Landmarks by Robert Macfarlane: This new classic of nature writing zeroes in on the language we use to talk about our environment, both individual words – which Macfarlane celebrates in nine mini-glossaries alternating with the prose chapters – and the narratives we build around places, via discussions of the work of nature writers he admires. Whether poetic (“heavengravel,” Gerard Manley Hopkins’s term for hailstones), local and folksy (“wonty-tump,” a Herefordshire word for a molehill), or onomatopoeic (on Exmoor, “zwer” is the sound of partridges taking off), his vocabulary words are a treasure trove.
Theology Books
Amazing Grace: A Vocabulary of Faith by Kathleen Norris (1998): In few-page essays, Norris gives theological words and phrases a rich, jargon-free backstory through anecdote, scripture and lived philosophy. This makes the shortlist of books I would hand to skeptics to show them there might be something to this Christianity nonsense after all.
My Bright Abyss: Meditation of a Modern Believer by Christian Wiman (2013): Seven years into a cancer journey, Wiman, a poet, gives an intimate picture of faith and doubt as he has lived with them in the shadow of death. Nearly every page has a passage that cuts right to the quick of what it means to be human and in interaction with other people and the divine.
General Nonfiction
Penelope Fitzgerald: A Life by Hermione Lee (2013): Although Penelope Fitzgerald always guarded literary ambitions, she was not able to pursue her writing wholeheartedly until she had reared three children and nursed her hapless husband through his last illness. This is a thorough and sympathetic appreciation of an underrated author, and another marvellously detailed biography from Lee.
Being Mortal: Medicine and What Matters in the End by Atul Gawande (2014): A surgeon’s essential guide to decision-making about end-of-life care, but also a more philosophical treatment of the question of what makes life worth living: When should we extend life, and when should we concentrate more on the quality of our remaining days than their quantity? The title condition applies to all, so this is a book everyone should read.
Memoirs
The Year My Mother Came Back by Alice Eve Cohen: Wry and heartfelt, this is a wonderful memoir about motherhood in all its variations and complexities; the magic realism (Cohen’s dead mother keeps showing up) is an added delight. I recommend this no matter what sort of relationship, past or present, you have with your mother, especially if you’re also a fan of Anne Lamott and Abigail Thomas.
- The Art of Memoir
by Mary Karr: There is a wealth of practical advice here, on topics such as choosing the right carnal details (not sexual – or not only sexual – but physicality generally), correcting facts and misconceptions, figuring out a structure, and settling on your voice. Karr has been teaching (and writing) memoirs at Syracuse University for years now, so she’s thought deeply about what makes them work, and sets her theories out clearly for readers at any level of familiarity.
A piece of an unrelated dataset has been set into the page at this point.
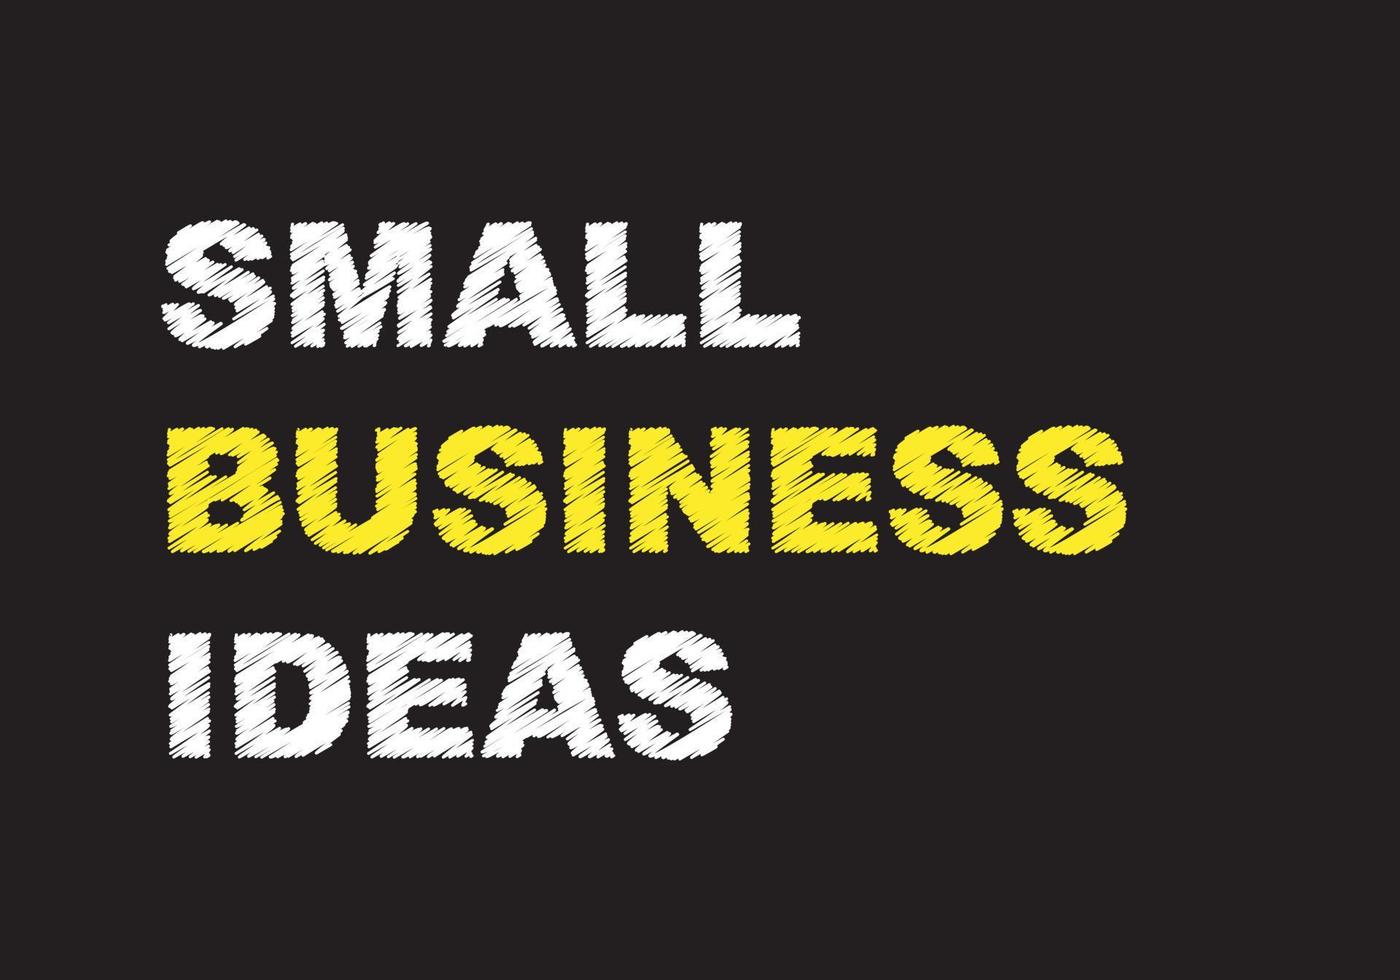 Small business ideas written on chalkboard. Business concept vector

A Circle of Quiet by Madeleine L’Engle (1971): In this account of a summer spent at her family’s Connecticut farmhouse, L’Engle muses on theology, purpose, children’s education, the writing life, the difference between creating stories for children and adults, neighbors and fitting into a community, and much besides. If, like me, you only knew L’Engle through her Wrinkle in Time children’s series, this journal should come as a revelation.
-
Do No Harm: Stories of Life, Death and Brain Surgery by Henry Marsh (2014): “Terrible job, neurosurgery. Don’t do it.” – luckily for us, Henry Marsh reports back from the frontlines of brain surgery so we don’t have to. In my favorite passages, Marsh reflects on the mind-blowing fact that the few pounds of tissue stored in our heads could be the site of our consciousness, our creativity, our personhood – everything we traditionally count as the soul.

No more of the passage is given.